Assuming that you don't have a serious muscle injury that needs surgery, medical treatment is similar to treatment at home. But a doctor can give you valuable information, such as:
- The extent of damage to your muscle and tendon
- If you need crutches or a brace to help healing
- Whether you need to restrict your activity or take days off work
- Whether rehabilitation exercises or physical therapy might help you recover and prevent reinjury
Your doctor might also refer you for alternative treatments, including chiropractic or osteopathic manipulation, acupuncture, or myofascial release, which is a type of massage that focuses on releasing tightness in your muscles.
Depending on what how seriously you're injured, surgery may help, too.
Some activities you can do daily can help avoid injury and reduce your risk of muscle strain at work or while exercising or playing sports include:
Regular stretching: When you stretch, you loosen up your muscles, which makes them more flexible and less likely to tear. For the best results, you should stretch two to three times each week for at least 5 minutes, and especially before and after you exercise.
Warm-ups: Warming up before you exercise with light aerobics, like walking or jogging or squats, is one of the best ways to avoid muscle strain. When you increase your heart rate, you also increase the blood flow to your muscles, which helps them move better.
Strength training: Weak muscles are more prone to injury, but strengthening them through activities like weight lifting, yoga, or cycling makes them more resilient to stress. It’s best to do strength training at least twice a week for 20 minutes or more. Talk to your doctor before you start a new exercise program.
Good ergonomics at work: Ergonomics is the practice of fitting a job to a person. According to the Occupational Safety and Health Administration (OSHA), good ergonomics helps reduce tired muscles, increases how productive workers can be, and decreases not only the number of work-related musculoskeletal conditions workers develop but also how bad they can be.
Bad ergonomics can lead to muscle strains. Some ergonomic risks include:
- Using a great amount of force
- Keeping the same posture or staying in the same position, which limits blood flow
- Not taking enough breaks and not working on different tasks
Preventing injuries such as musculoskeletal disorders at work is required by federal law (the General Duty Clause of the Occupational Safety and Health Act, section 5). Any employer with an employee who reports a work-related musculoskeletal disorder falls under this rule.

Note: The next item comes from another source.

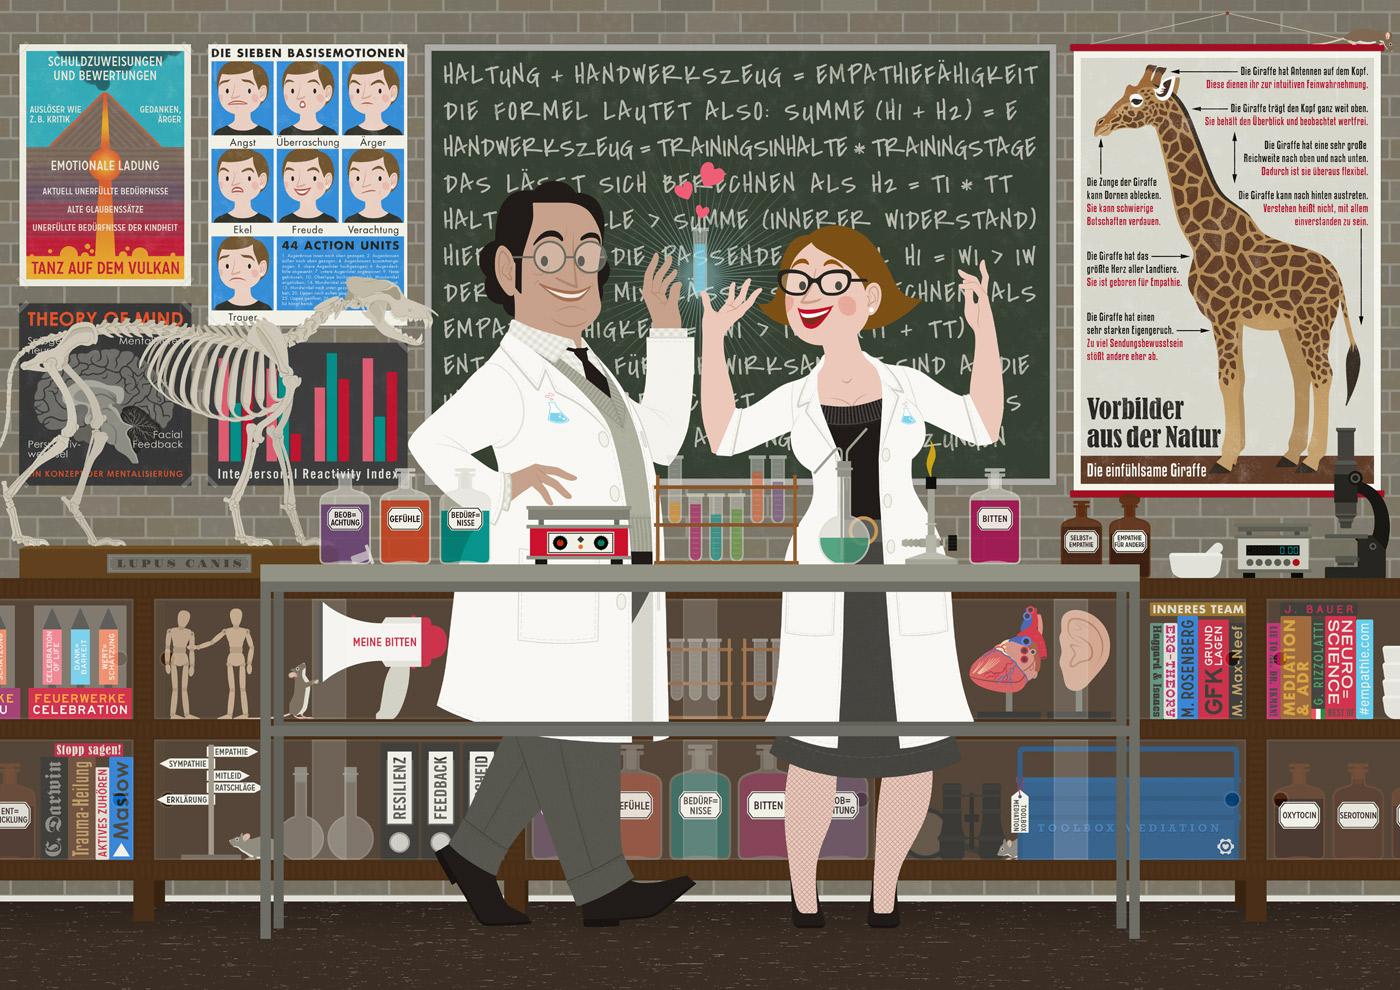 Illustration von einem Empathie-Labor, wo Chemikerin und Chemiker in einem Labor mit Reagenzgläsern und Laborkolben, einem Wolfsskelett und Infografik zu Mimikresonanz, Vulkan und Giraffe die Formel für Empathie finden, für EmpaTrain
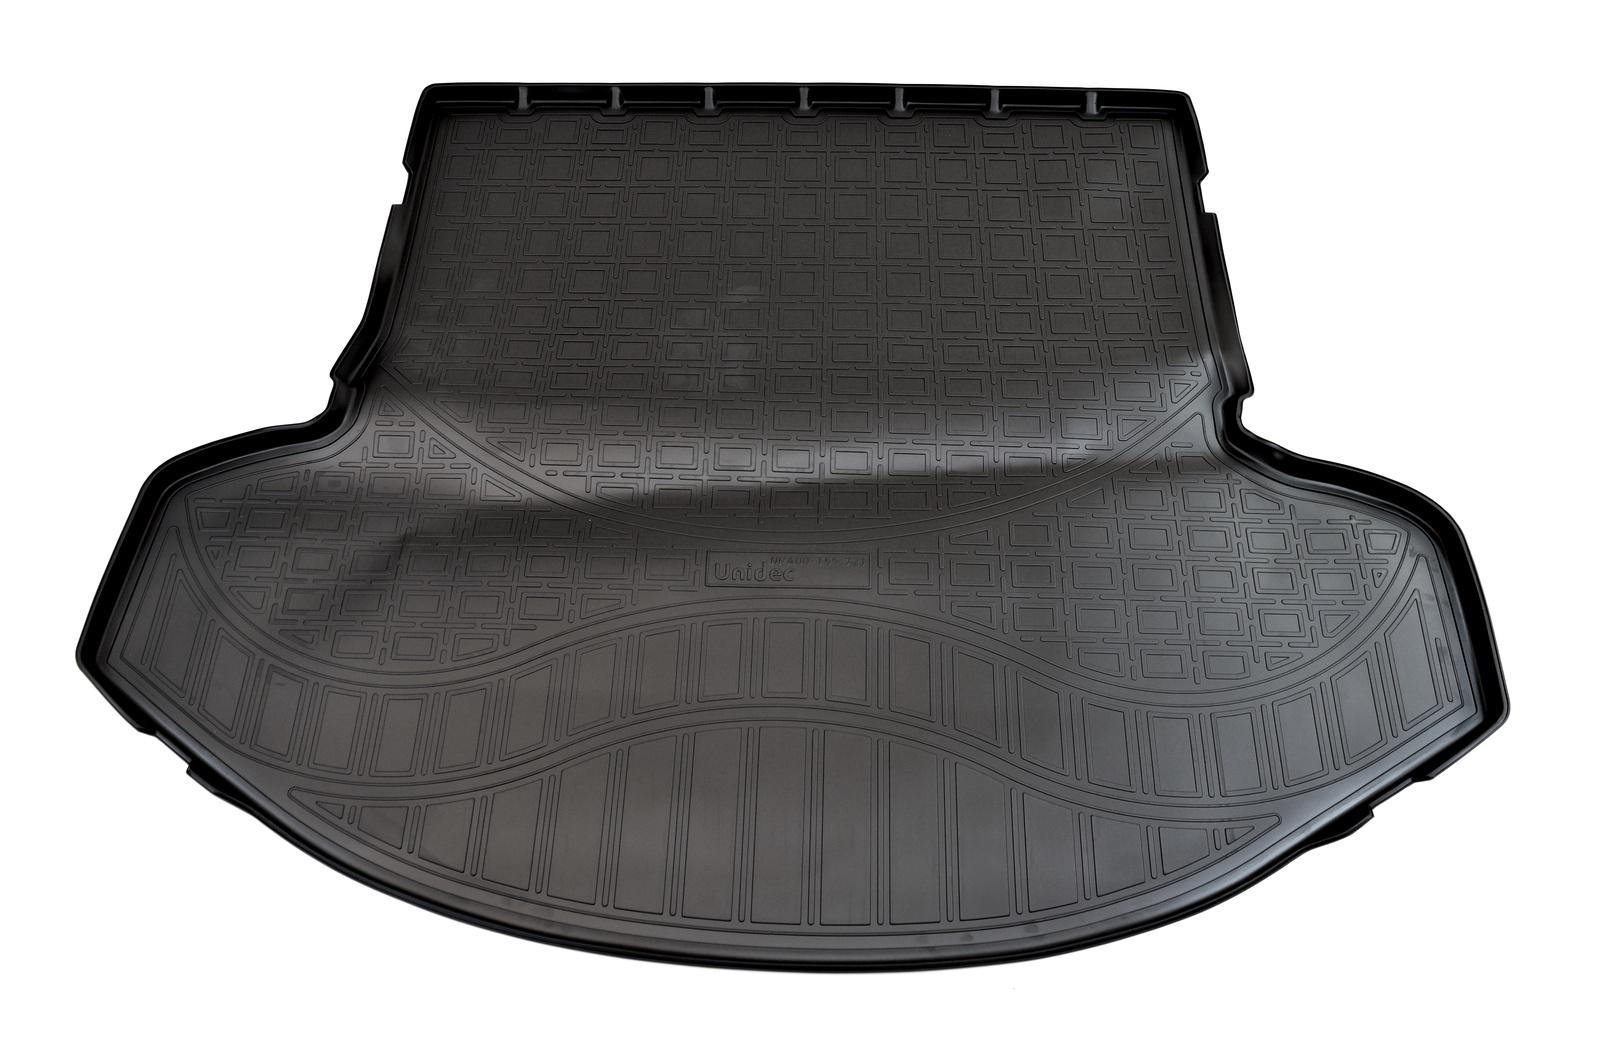 Коврик для багажника Norplast для Mazda CX-9 II, 2017, 5 мест, сложенный 3 ряд, NPA00-T55-721, черный коврик для 7 мест ряд norplast npa00c31521

OSHA can cite employers and/or send hazard alert letters for ergonomic risk under this act, which holds employers responsible for meeting certain safety standards. If an employer gets a letter, OSHA may follow up to see what the company has done to solve ergonomic risks.
Although 60% of all work-related musculoskeletal disorders occur in manufacturing and so-called manual-handling jobs, OSHA requirements for workplace safety apply to all jobs.
In most cases, people recover completely from muscle strain with proper treatment. More complicated cases should be handled by a doctor.